By Emily Stifler Explorebigsky.com Managing Editor
BIG SKY – The goal is to have 30 new wayfinding signs up around the Big Sky community by next ski season.
The project, led by the Big Sky Chamber of Commerce and Ryan Hamilton, also aims to install new lighting at the intersection of Lone Mountain Trail and Highway 191, and an entryway monument in the next two years.
The Chamber recently passed two milestones in this quest.
First, the Big Sky Resort Tax Board funded $225,000 toward the projects on June 13. $150,000 of that will go toward the wayfinding signage and $60,000 to the lighting project. Another $15,000 will go toward preliminary work for the entryway monument.
And second, on June 21, the Gallatin County Planning and Zoning Commission voted in favor of a zone text amendment to the Big Sky Zoning Regulations that would allow for such signage to exist. Within the next couple of weeks the County Commissioners will have another hearing finalizing approval of the text amendment.
Hamilton and County staff had rewritten the proposed text amendment several times and were relieved to have overwhelming support for this iteration at the meeting.
“If you want to talk about a zoning district like Big Sky, having a sign at the entrance is going to benefit the entire district,” Commission Chairman Steve White said. “It’s a very unique amendment.”
Addressing the planning department’s questions, White made findings that the project will promote scenic beauty and public safety, encourage growth, enhance the resort experience, and preserve and protect property values.
The Chamber’s overall plan has been complicated by the fact that the signs will sit not only along county roadways, but also on federal, state and private right of ways.
Next up: “We still have to apply for final approval for the signs,” said Hamilton, who has already been working on the project for two years.

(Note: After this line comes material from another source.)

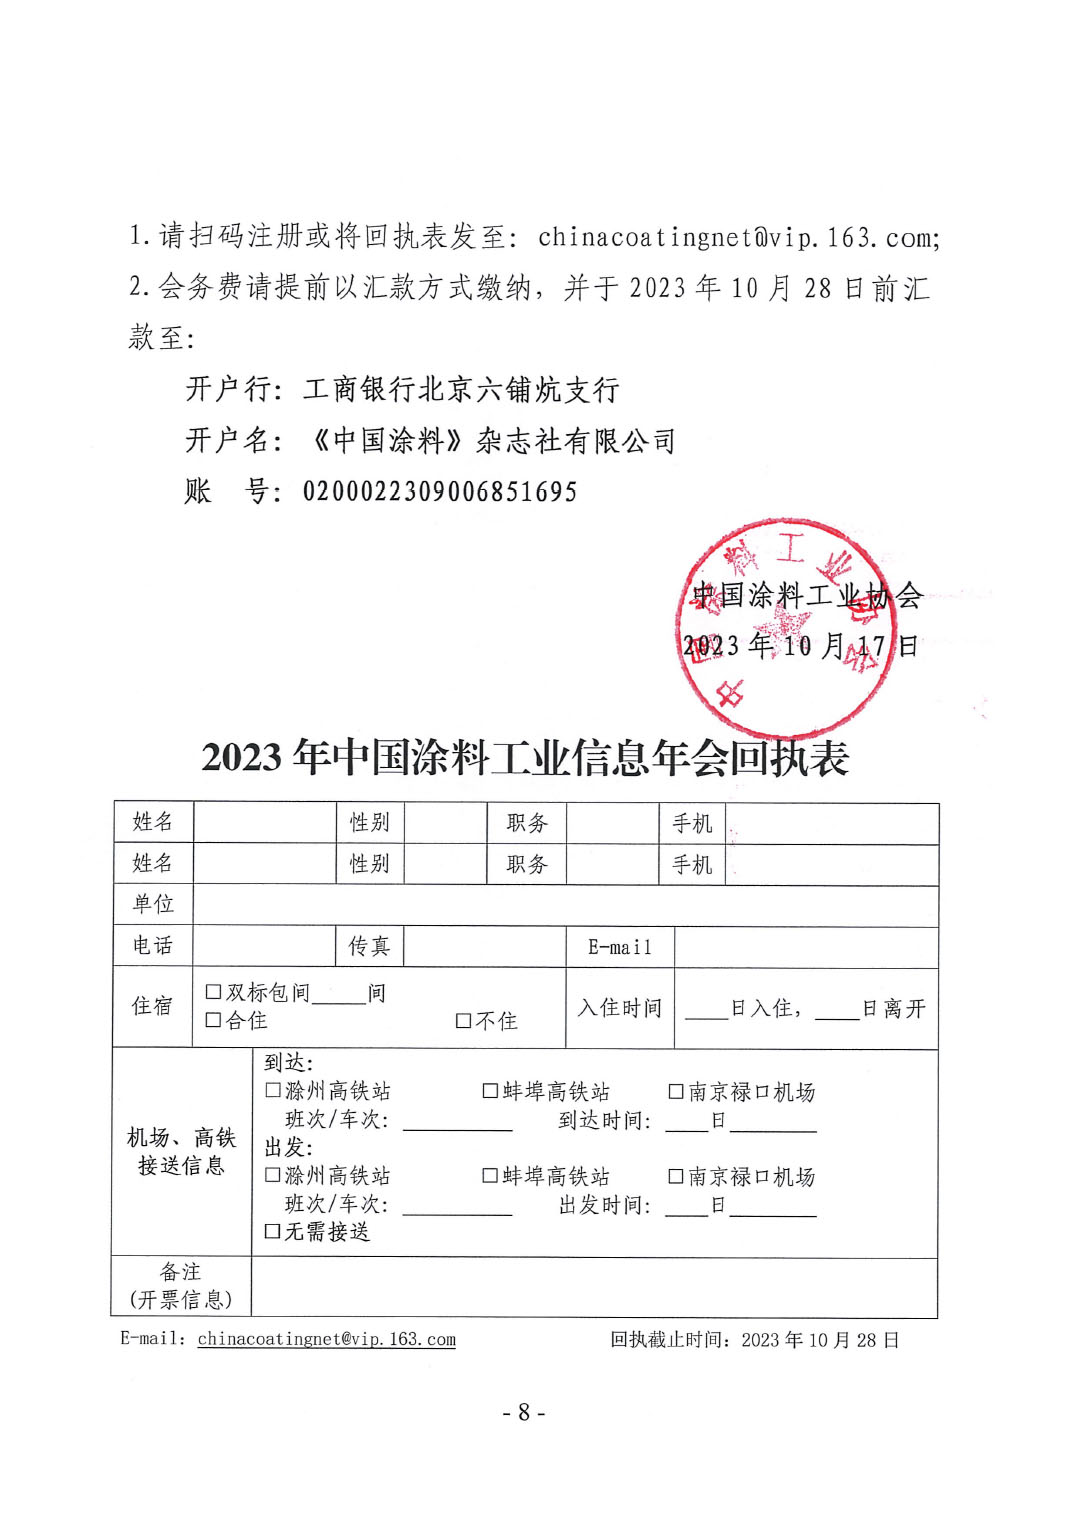 2023年中国涂料工业信息年会通知（明光）1017-8

This means Hamilton, with architects and engineers from CTA signs, will apply to Gallatin and Madison counties and to the Montana Department of Transportation for approval of the proposed signs, including size, design, content and location.
The DOT has strict safety specifications for sign materials and construction.
“When you put a sign in the DOT right of way, there are certain parameters that all parties involved need to agree on,” Hamilton said. The Chamber, he said, is leading this project and will thus be assuming responsibility for installing, insuring and maintaining the signs.
Currently, the Chamber is sticking with the plan to use the black diamond, blue square and green circle themes to denote destinations at the mountain, canyon and meadow, respectively. The plan to use steel and wood has changed to overlaying a graphic that looks like steel and wood atop the DOT’s regulation materials.
The signs will be a community asset, owned and maintained by the Chamber, Hamilton said. They’ll also be designed to minimize maintenance.
“We have substantial services and attractions to offer,” Chamber president David O’Connor said. “Many of those people are on a vacation, looking to do cool things. One of the most basic fundamental things [we can do is] tell them those things are here when they’re driving by.”
Hamilton has held a series of public meetings with individuals and businesses about all of these projects, taking comments about the design, placement, wording and other details.
The project will be in line with the Chamber’s new branding campaign, O’Connor said. “This is not a billboard program, we’re not looking to alter the pristine experience.”
Hamilton is also working with CTA to get permits for the lighting. The lights, probably six of them in all, will line Lone Mountain Trail at the turnoff.
“We want that Spur Road to be a subtle path,” O’Connor said. “Because so many people come at night, it would identify that as a turning place into the community.”
Once the Chamber chooses a light pole and fixture style, Hamilton will put it out for public comment.
The light poles will serve a double purpose in branding the community by holding banners for event promotion and community branding messages.
The Chamber is still in preliminary planning for the entryway monument project.
“We spend so much time and effort, collectively and individually, to bring people to this community and to tell the Big Sky story,” O’Connor said. “We need to illustrate to people that they’ve gotten here.”
“I shudder to think of how many people pass by the intersection that have no clue there’s anything up there.”
The double-sided monument, which will be a maximum of 35 feet tall by 90 feet long, would sit perpendicular to Highway 191.
Hamilton has been talking to Conoco owner Renae Schumacher about putting it on the strip of lawn just west of the Conoco sign, which is also more than 30 feet tall. Some of the $15,000 in resort tax funding will pay an attorney to help draft an easement, and the rest would go to design.
“This project in particular needs to have buy-in by the community,” Hamilton said. He plans to hold additional public meetings during the design process.
As well, he says, it’s going to be a significant community effort. In addition to asking for resort tax funding, the Chamber will ask contractors, masons, landscapers, irrigators and others to help out as much as they can.
“It’s going to be one of those barn raising projects, as I see it,” Hamilton said. “Let’s show our community pride by coming together to build a community asset like this.”